This may seem like a strange question, but here goes. I’m looking for a computationally efficient way to represent a set of sequences in a 2D space. For example, imagine that we have 10,000 DNA barcodes. I could compute a tree, but (a) that get’s computationally hard (if it doesn’t seem hard, make it 100,000, or 1M), and (b) a tree drawing isn’t stable in the sense that there’s no global coordinate system that helps us compare trees for different subsets of data.

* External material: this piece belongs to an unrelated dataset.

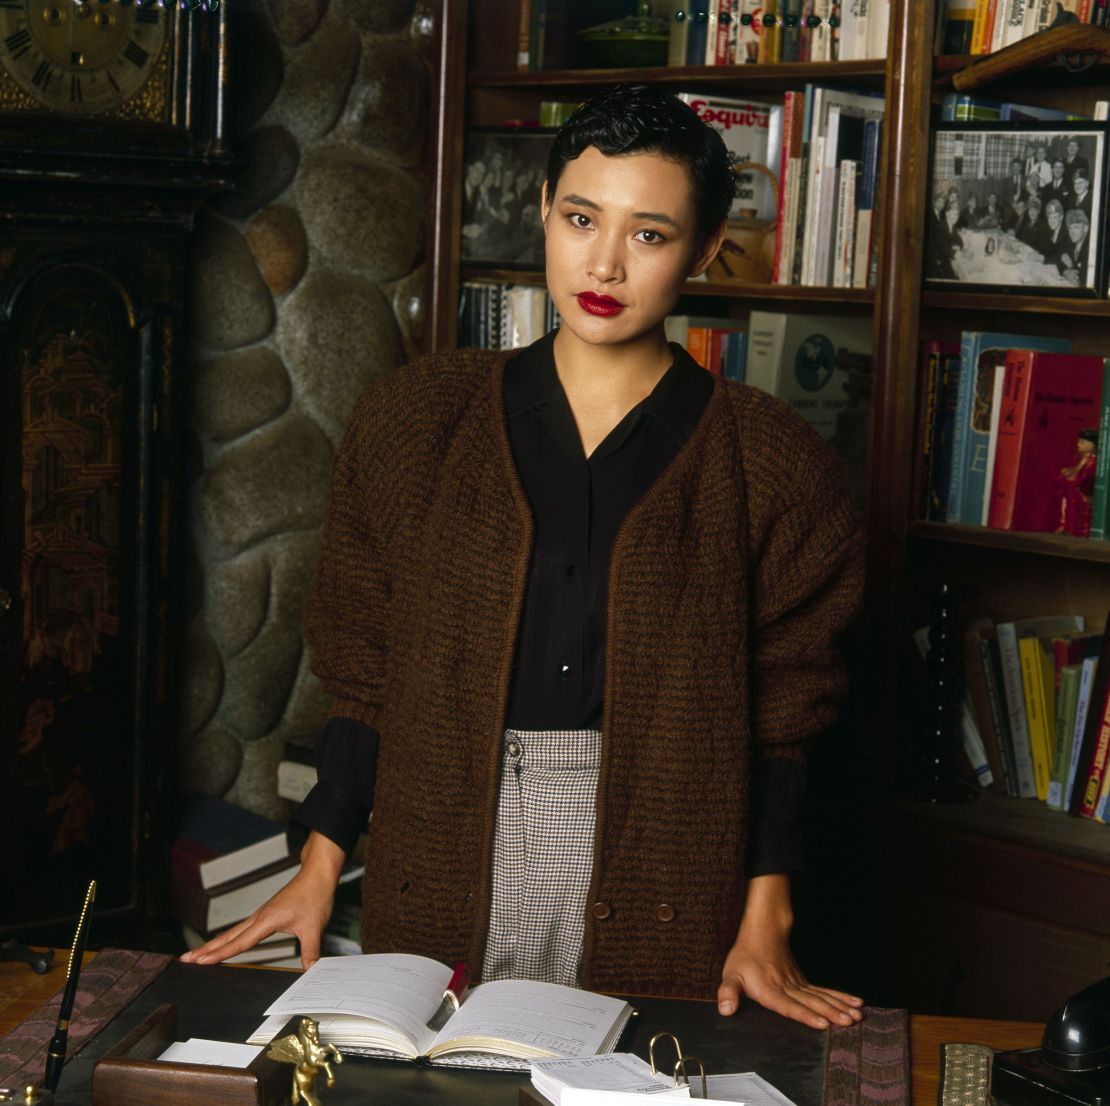 Joan Chen as Josie Packard, widow and heiress to the sawmill in Twin Peaks

I thought about using something like DNA walks, where we start at 0,0 in a x-y graph, walk along a sequence, and make moves -1, 1 in the x or y direction depending on the next base in the sequence. For example, we could plot the final x,y coordinates at the end of the walk, and we’d have a simple to compute measure that depends solely on the sequence at hand, and which locates a sequence in a shared coordinate space. What I’d really like are broad-brush clusters that are recognisable enough to say “OK, over there are fish, these are insects, that cluster is molluscs”). I’m guessing this might work if there are clade-specific sequence properties such as base-composition, etc., otherwise, not so much.

Hope this doesn’t sound to ridiculous. I’m curious as to whether there’s a method for getting a quick sense of the taxonomic composition of a large set of N sequences that doesn’t require the N^2 comparisons needed to compare the sequences in order to build a tree.